What's cyber hygiene, you ask? It's not giving your laptop a bubble bath; it's more like keeping your passwords strong, identifying potential phishing attacks, and keeping software up-to-date.
While it sounds basic, cyber hygiene is no joke: 90% of cyberattacks could be defeated by implementing basic cyber hygiene and sharing best practices, the DoD's principal cyber advisor said according to the report from the Government Accountability Office.
Despite the importance of cyber hygiene, GAO found that there are huge gaps in the Pentagon's implementation of three of its cyber hygiene programs.
The military hasn’t fully implemented those programs, GAO found, and DoD isn’t keeping good track of its efforts overall. That’s a problem, GAO said, because cybersecurity is a group effort.

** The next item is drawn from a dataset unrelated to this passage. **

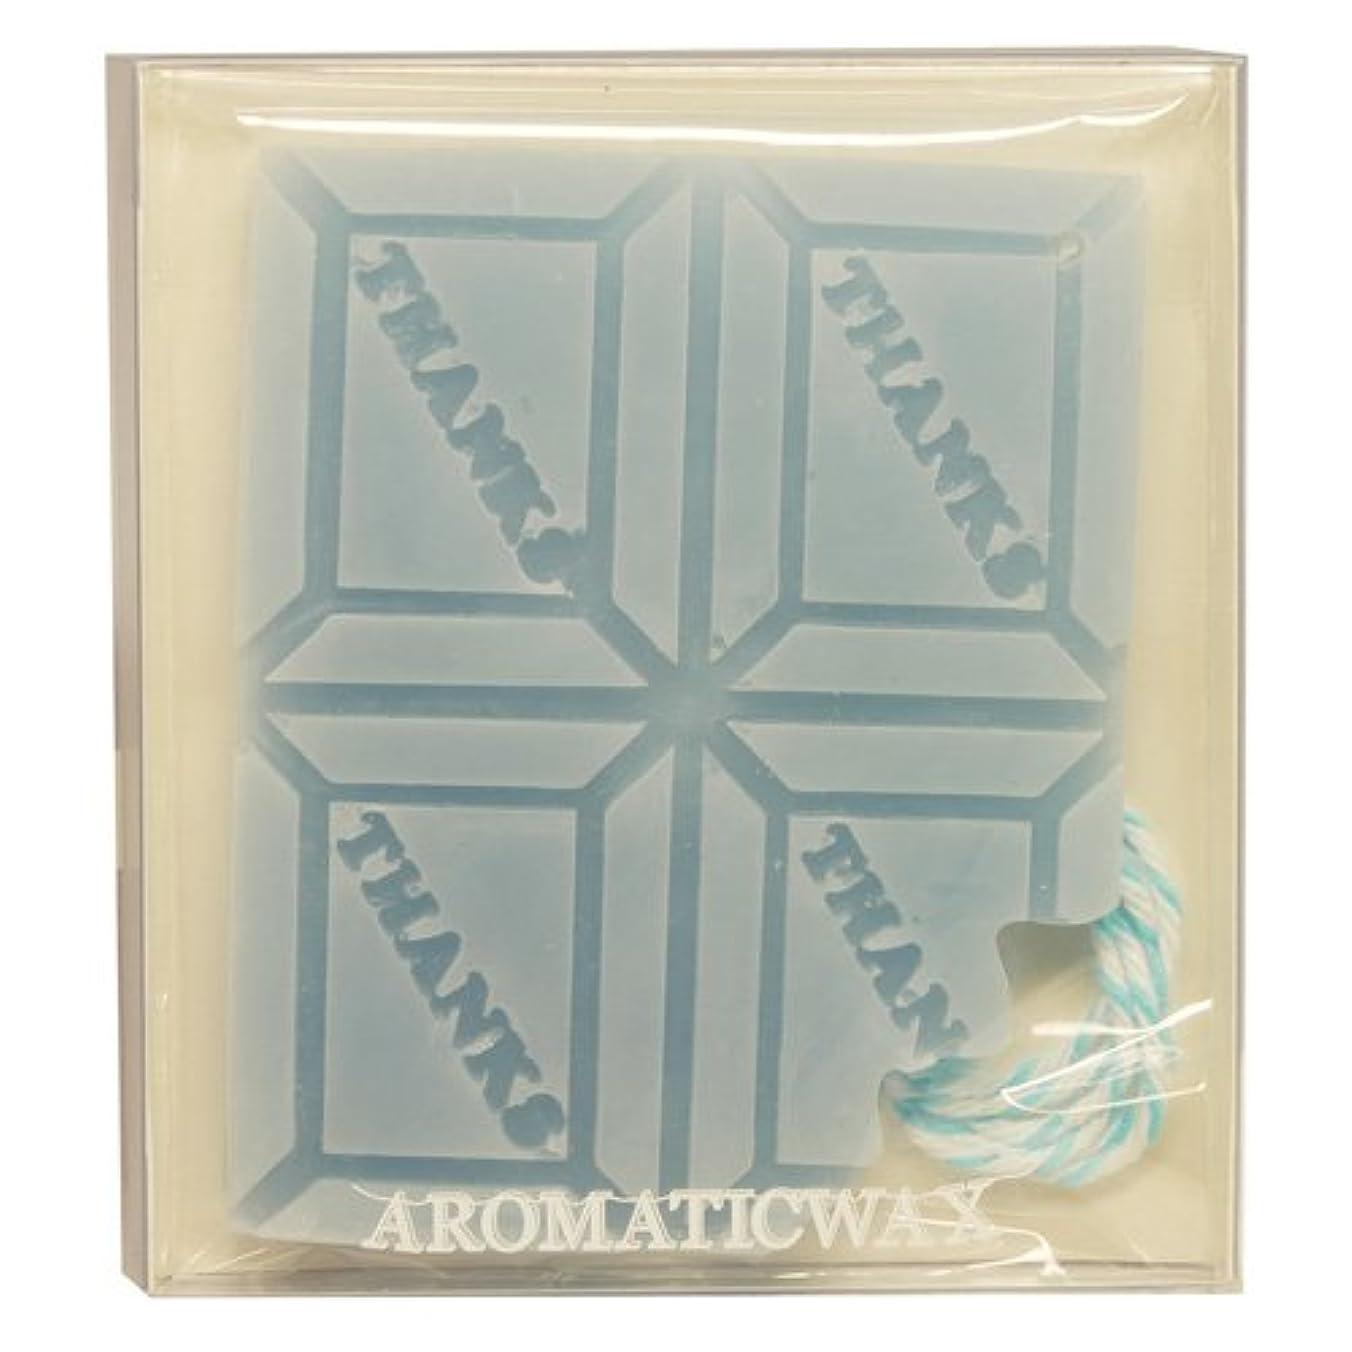 引く熟練したウェブGRASSE TOKYO AROMATICWAXチャーム「板チョコ(THANKS)」(BL) ローズマリー アロマティックワックス グラーストウキョウ

“We view this as a culture-over-technology issue,” said Joseph Kirschbaum, director of GAO’s Defense Capabilities and Management Team, on a GAO podcast about the report.
Kirschbaum, who oversaw the report, explained that taking precautions against cyberattacks are a lot like taking precautions against viruses: you wash your hands, you cough in your elbow, that sort of thing. But for it to work properly, everyone has to get in the habit of doing it.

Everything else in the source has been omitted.